▶ _What to work on_
What are the lines below, starting at the line containing "La poule blanche" and ending at the line containing "Doug dans des"? Write them out exactly, ends included, without pictures.

▶ _Entries supplied_
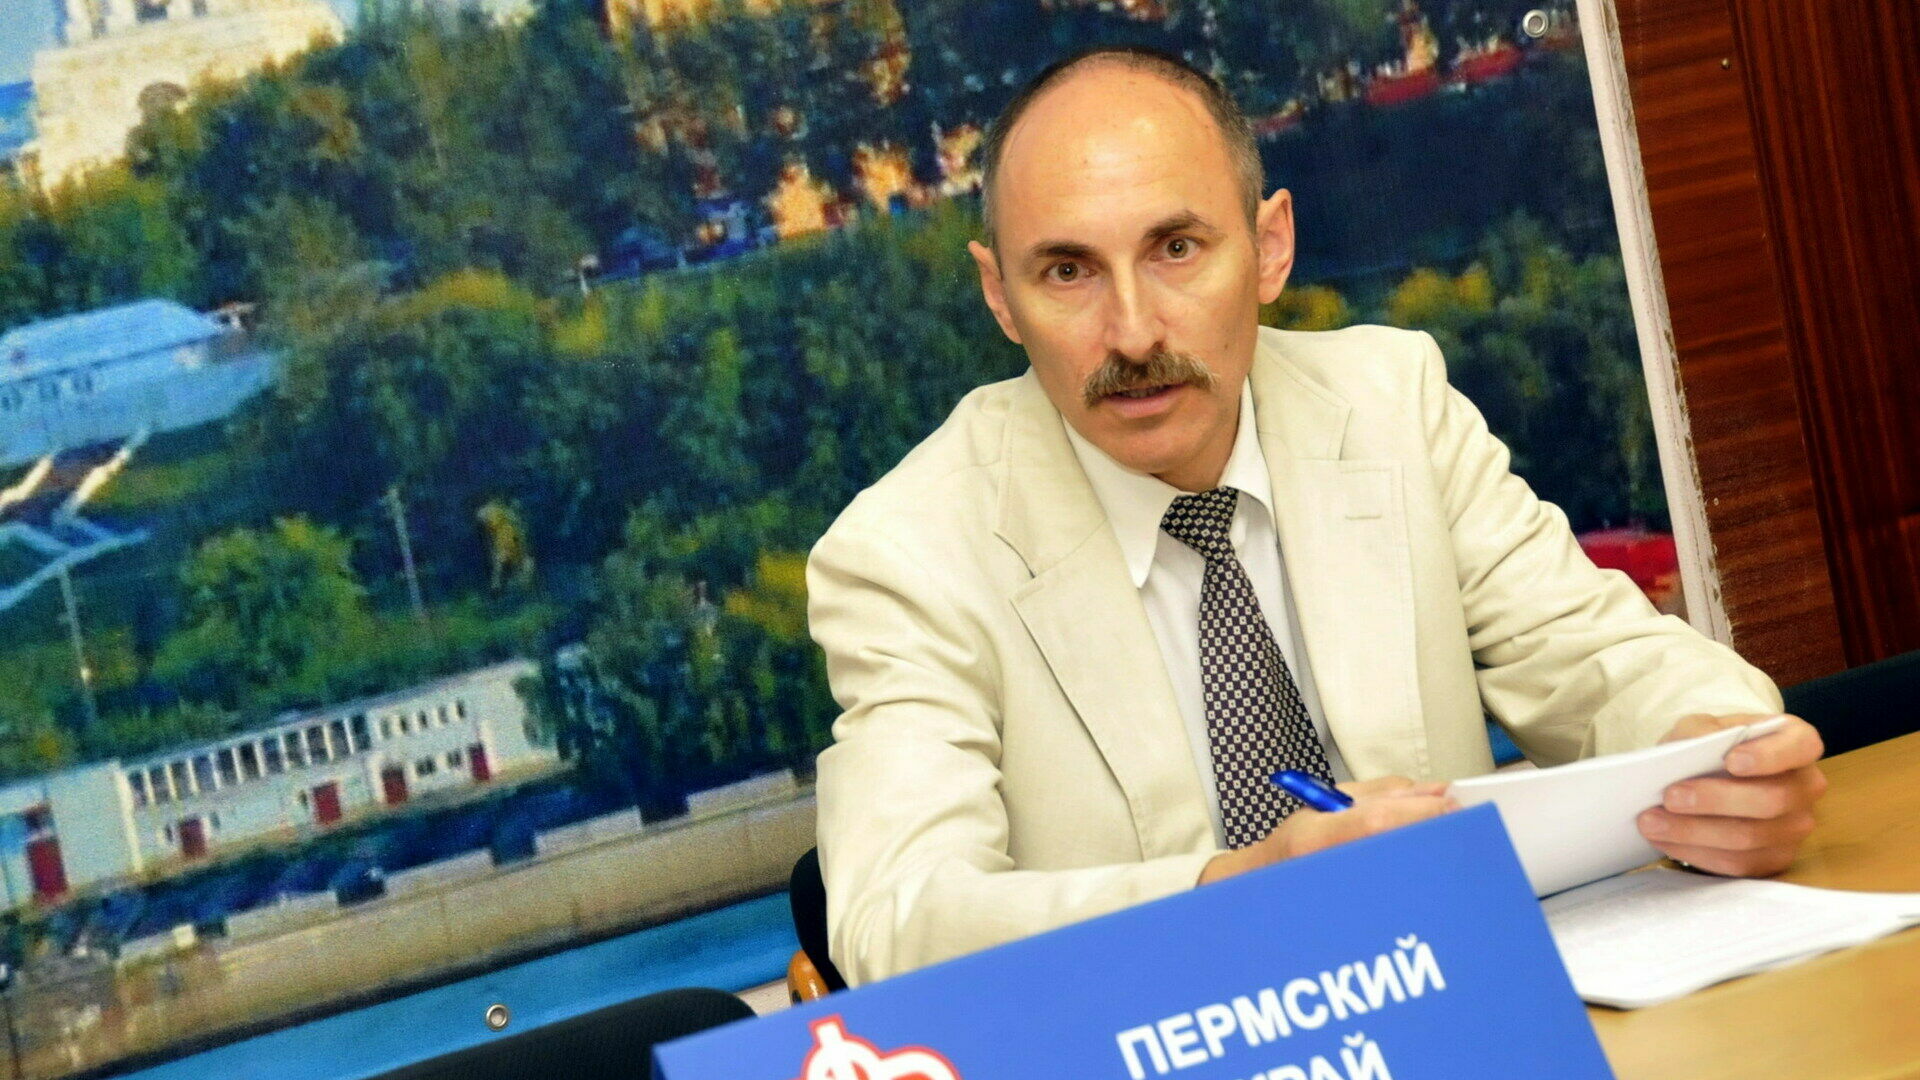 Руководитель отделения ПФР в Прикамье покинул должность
--
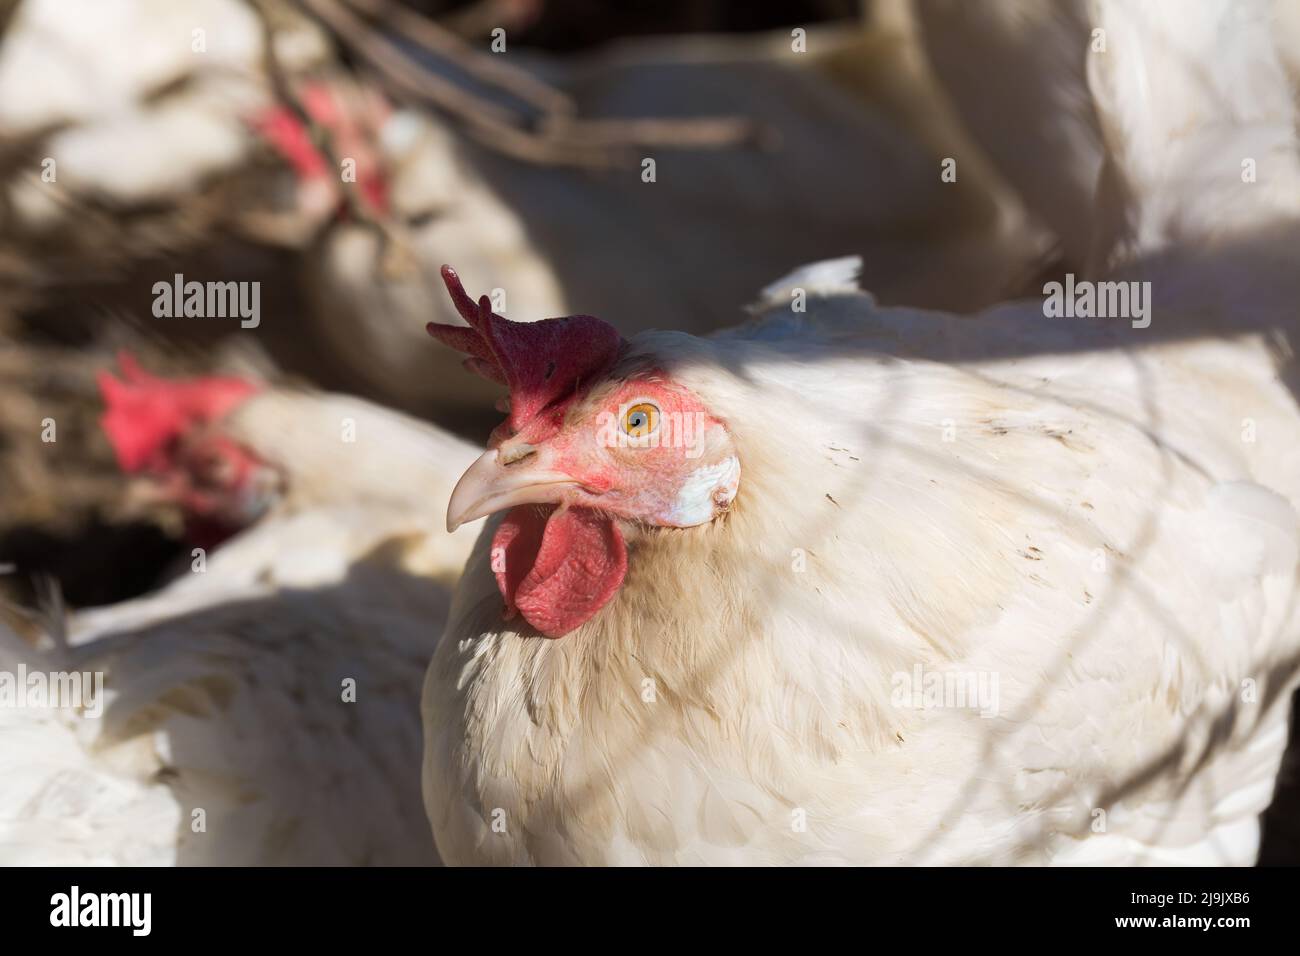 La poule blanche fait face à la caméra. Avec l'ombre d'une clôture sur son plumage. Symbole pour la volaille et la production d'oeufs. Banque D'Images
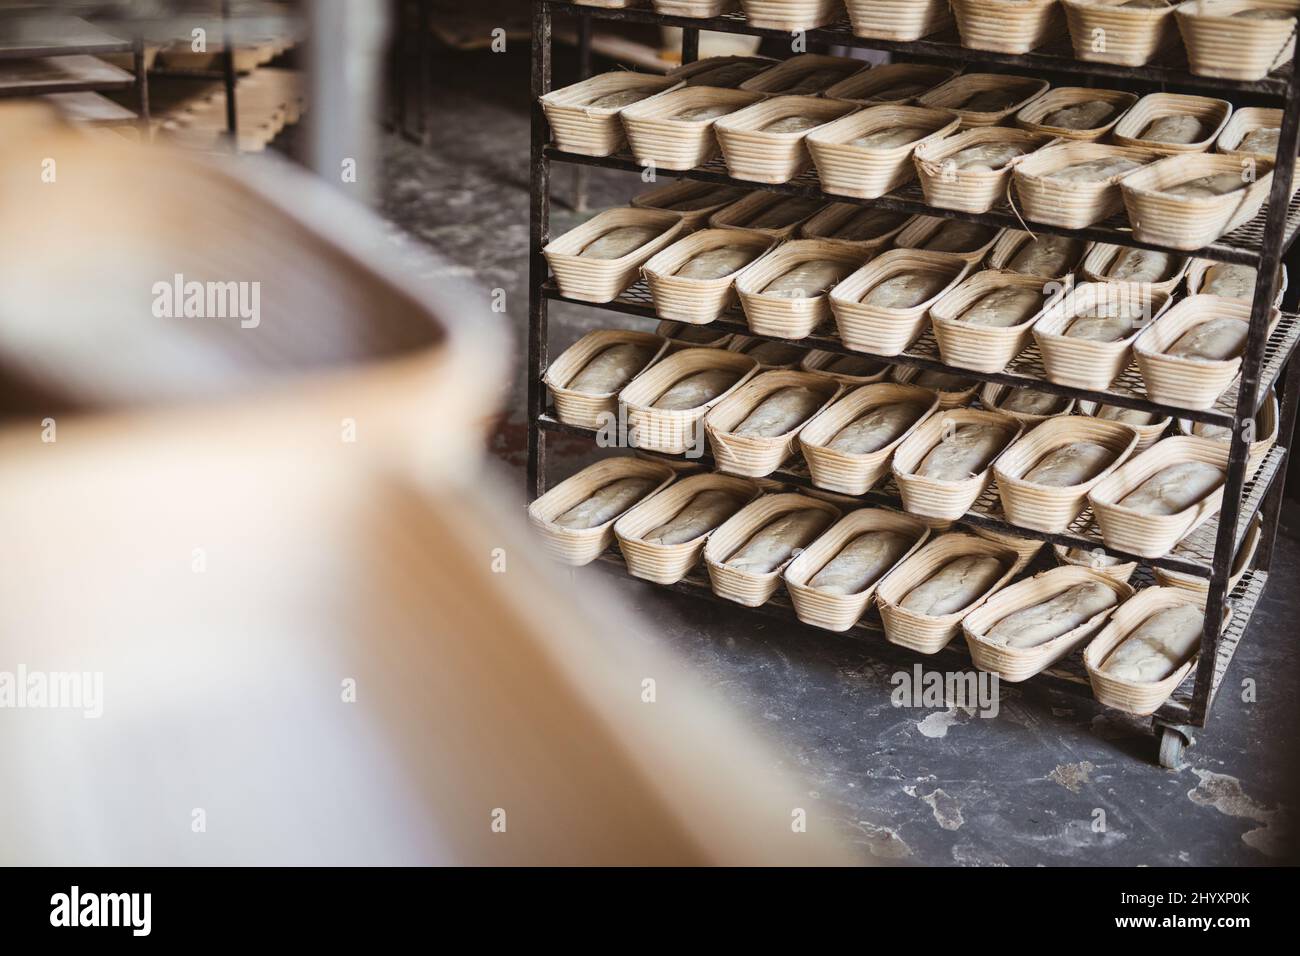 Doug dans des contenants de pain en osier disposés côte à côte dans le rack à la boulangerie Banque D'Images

▶ _Result for this exercise_
 La poule blanche fait face à la caméra. Avec l'ombre d'une clôture sur son plumage. Symbole pour la volaille et la production d'oeufs. Banque D'Images
 Doug dans des contenants de pain en osier disposés côte à côte dans le rack à la boulangerie Banque D'Images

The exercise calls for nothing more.